Book review: Sideways

In the acknowledgments of his mid-Coastal road-trip buddy novel, author Rex Pickett thanks co-screenwriters Alexander Payne (who also directed) and Jim Taylor for their faithful adaptation of Sideways to the screen.

I'd thank them, all right, but not for being faithful.

The events of the story are, in fact, almost identical, save the exclusion in the film of a strange boar-hunting odyssey (which, ironically, I can almost imagine Pickett thinking as he wrote it, "Damn! This'll be great in the movie!"). There is a strong sense of place in both the book and the film, Pickett is clearly a SoCal denizen who has either logged a lot of hours in a lot of mid-Coastal non-hotspots or he has a keen eye and deft hand for recreating them.

But the film is so much more charming and nuanced and relaxed than the book it was shocking. Pickett, according to his back-o'-book blurb, "is a screenwriter living in Los Angeles. This is his first novel." I know all of us writerly types are supposed to hew to the show-don't-tell maxim, but it's a screenwriter's stock in trade: let the pictures tell the story.
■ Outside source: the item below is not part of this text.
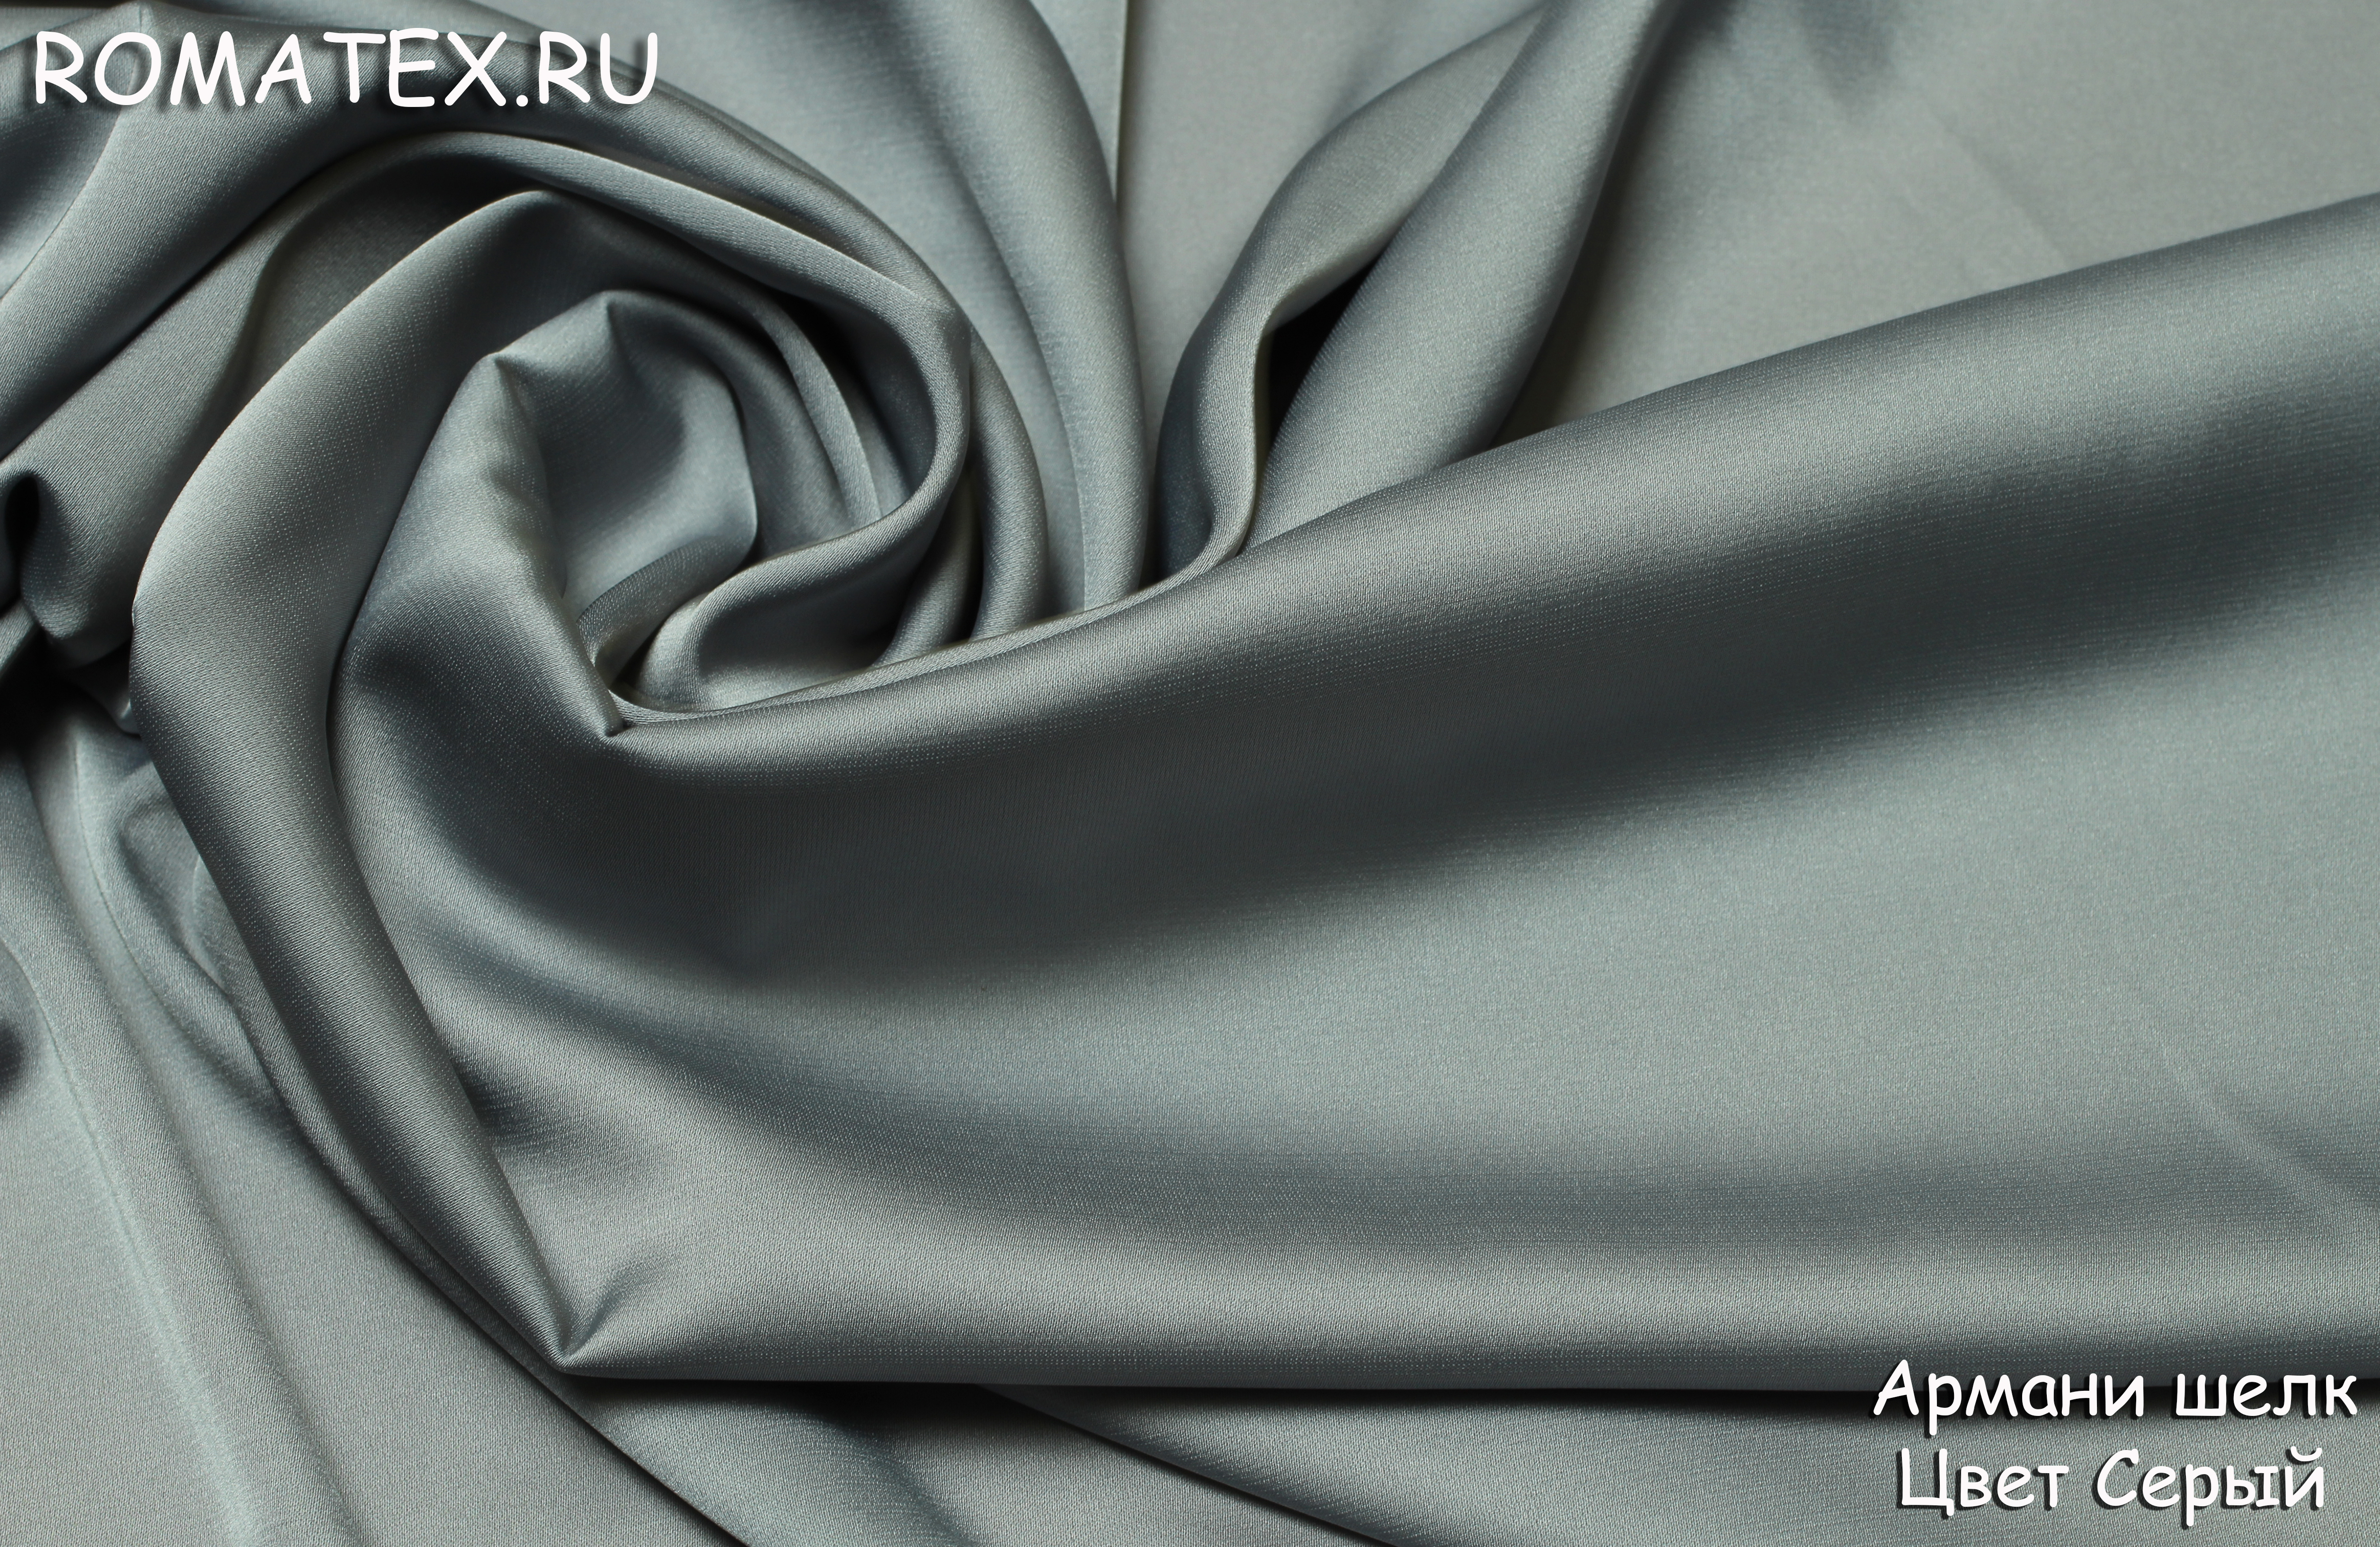 Ткань Армани шелк цвет серый - купить в магазине Роматекс

Instead, Pickett's novel is littered with insistent narrative assertions about the characters' smarts, sex appeal, inherent goodness beneath it all and, worst of all, their senses of humor. There is such extensive cataloguing of people's response to quips and jokes and witty one-liners that I actually stopped being annoyed and became fascinated. How many "i"s did this guy feel like he had to dot, anyway? Was this some kind of word-count padding? Or was it possible there existed a writer with lower self-esteem and belief in himself than me? Maybe I have a shot at this writing thing, after all...

The book did do an even better job than the film of piquing my fledgling interest in wine. But the film, with its confident, unapologetic and ultimately winning portrayal of complicated, flawed, but ultimately sympathetic characters, made me want to make art.

I wonder what Alexander Payne saw when he picked up the novel (or had it funneled to him by a minion or agent or however these things happen). Perhaps the answer lies in this archived Elvis Mitchell interview with Payne and Davis from KCRW's "The Treatment." I think I'm gonna have to listen. Sideways, the novel, isn't exactly a sow's ear. But it shares a pedigree with Sideways, the film, which is definitely a high-end jewel, and rare for being so.